I'll note that the second season of Sweet Tooth (Netflix) not only ended on interesting notes, but let us know that a final, third season is already in the works.
Also, the sci-fi, female empowerment series The Power wrapped its first season on Amazon Prime this past Friday, and I'm hoping in the near future we'll receive word that a second season has been approved. I'm unsure how much the writers' strike may slow down even this process. I'm well enough invested in several of the characters, and in the overall narrative arc, to want that second season to happen.
Adding something, in large part because of it being time-sensitive:
From is a science fiction horror series created for the former EPIX channel (since re-branded as MGM+), now halfway through its second season, has briefly been mentioned a few times by friend Pat, usually as part of the lunch conversation mix. I don't have the channel in my cable package, so each time we moved along from it fairly quickly. Also, Sunday C7 contributor D recently asked if I'd written anything about the series. This reminded me that I'd casually noticed that the first season had appeared on Amazon Prime as part of a come-on, in their endless quest to get users to add more and more sub-subscriptions to their Prime account. Give the people a "free" taste of a show via access to the first season, while the second season is currently rolling out. As with so many things one sees on Prime, unless it's been made specifically for them, one is best to move on it quickly because it'll shift back behind a paywall soon enough. So it is with this show's first season, which will only continue to be available to Prime members through the end of the month. Come June 1st, it'll be back behind the paywall with season two and whatever else MGM+ has.

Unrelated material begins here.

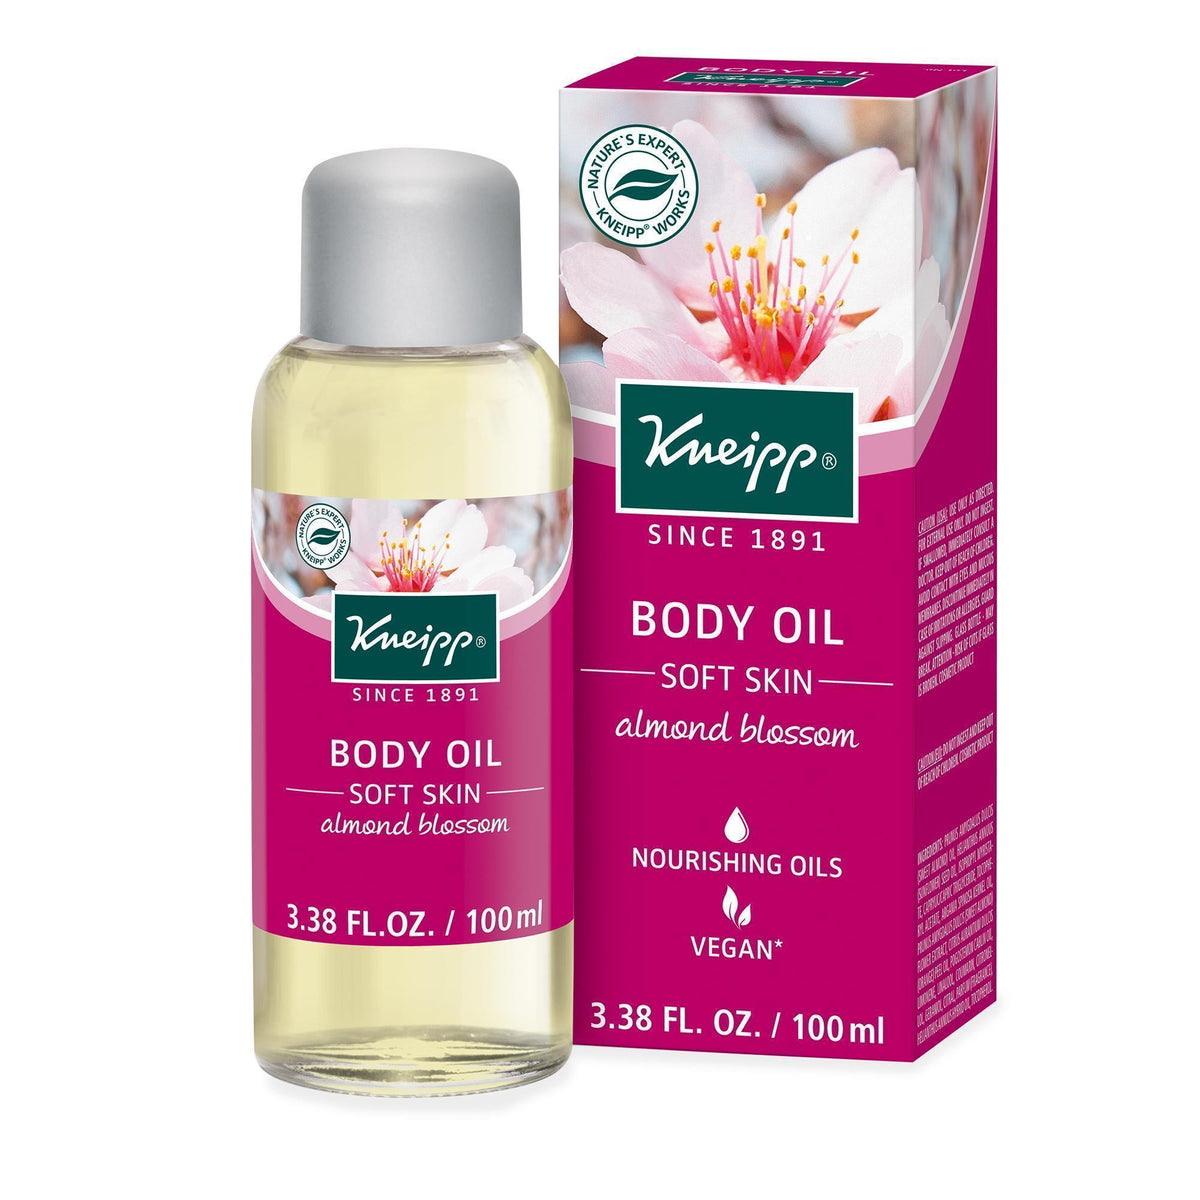 Kneipp Soft Skin Body Oil

The show has extremely intentional theme echoes of LOST - even their promotions point out that it's from some of the executive producers of that series - as people from very different backgrounds find themselves trapped in an unknown locale, menaced by things beyond their immediate understanding. Here the threats come each night, tapping at windows and trying to talk to the tasty treats trapped indoors. Here's a season one trailer.
As of this writing I'm halfway through the first season -- I'm susceptible to binges, especially if I have a great deal of things I'm avoiding doing.

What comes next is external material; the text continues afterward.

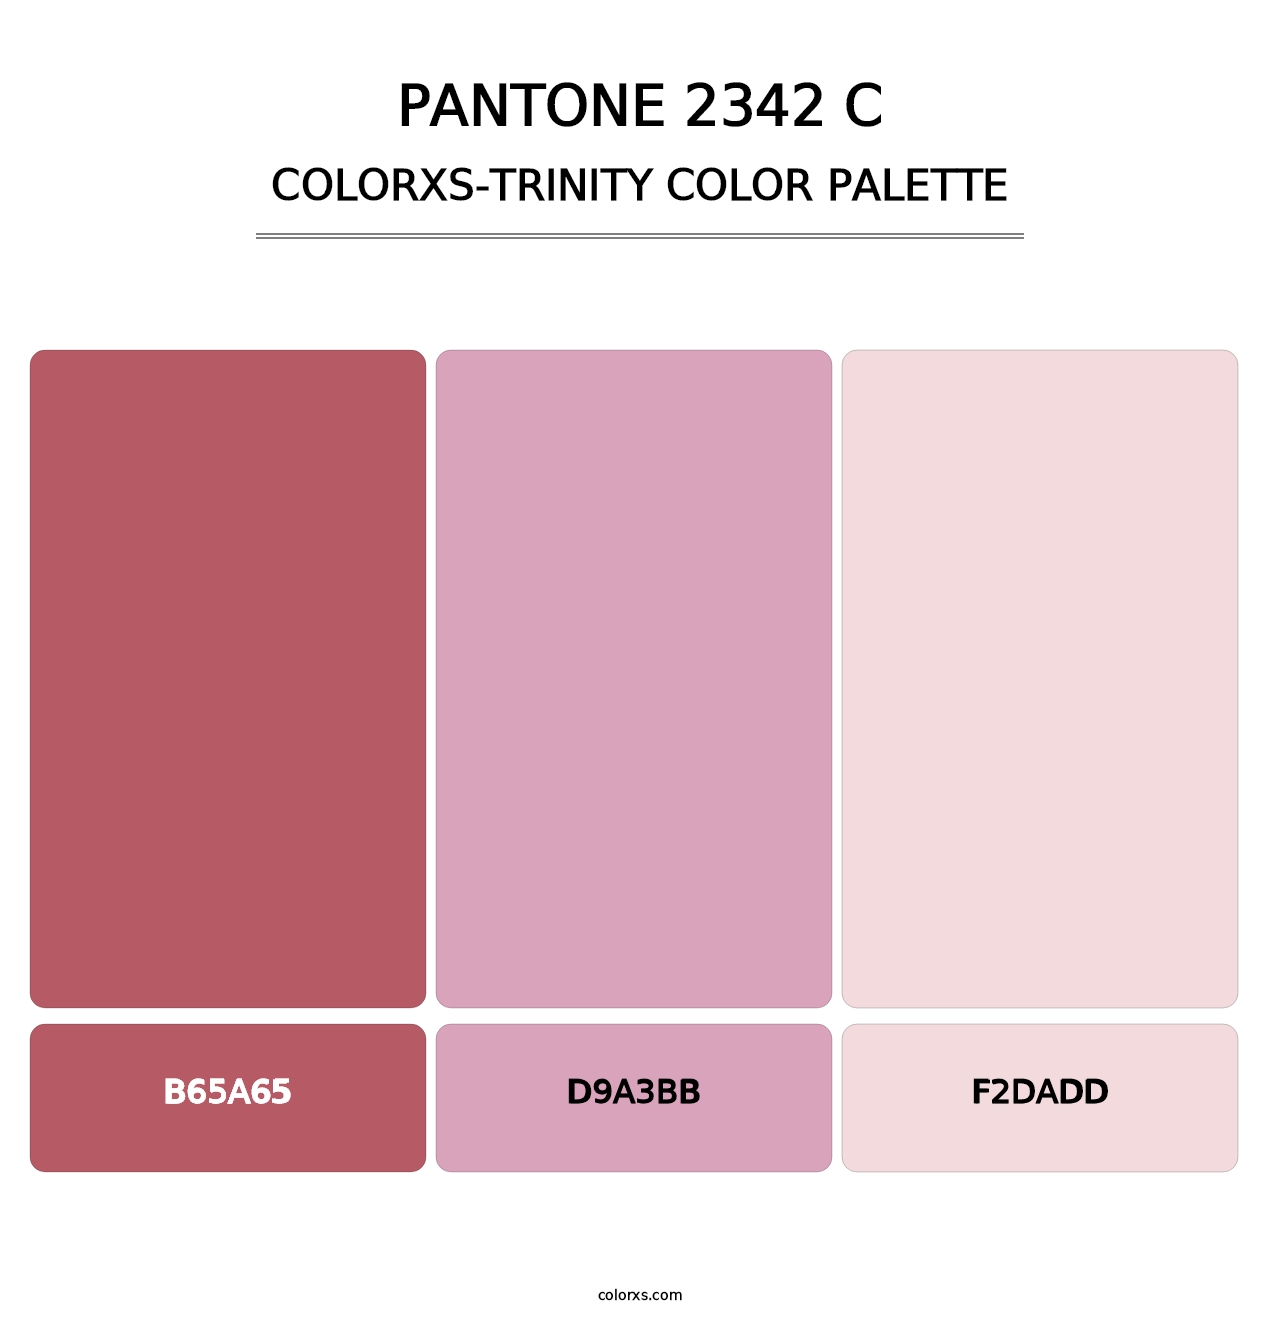 PANTONE 2342 C - Colorxs Trinity Palette

I've been enjoying it on the balance, but as with LOST there's definitely the sense that they're piling on and piling on with the twists and mysteries, and very well may not have (satisfying) answers to questions they're raising. The questions have been piling up, and I'm watching to see which of them receive answers by the end of season one. I know in general that as of the early roll-out of season two, there will still be questions raised early in the first season awaiting answers, based on what Pat's told me.
This is TV-MA material, with some sexual matters and shadowy nudity, along with violence and some gore, often of the oddly sanitized "there should be much more blood" variety... though they're fairly generous with blood spatter on walls. This wouldn't be on a broadcast network without some edits.
As something I have already-paid access to through the end of this month, I'm enjoying it. The mysteries draw one in, inviting the making of lists, and resulting fan discussion, the mix of characters and the social dynamics of the two sub-communities keep us watching, listening, and anticipating.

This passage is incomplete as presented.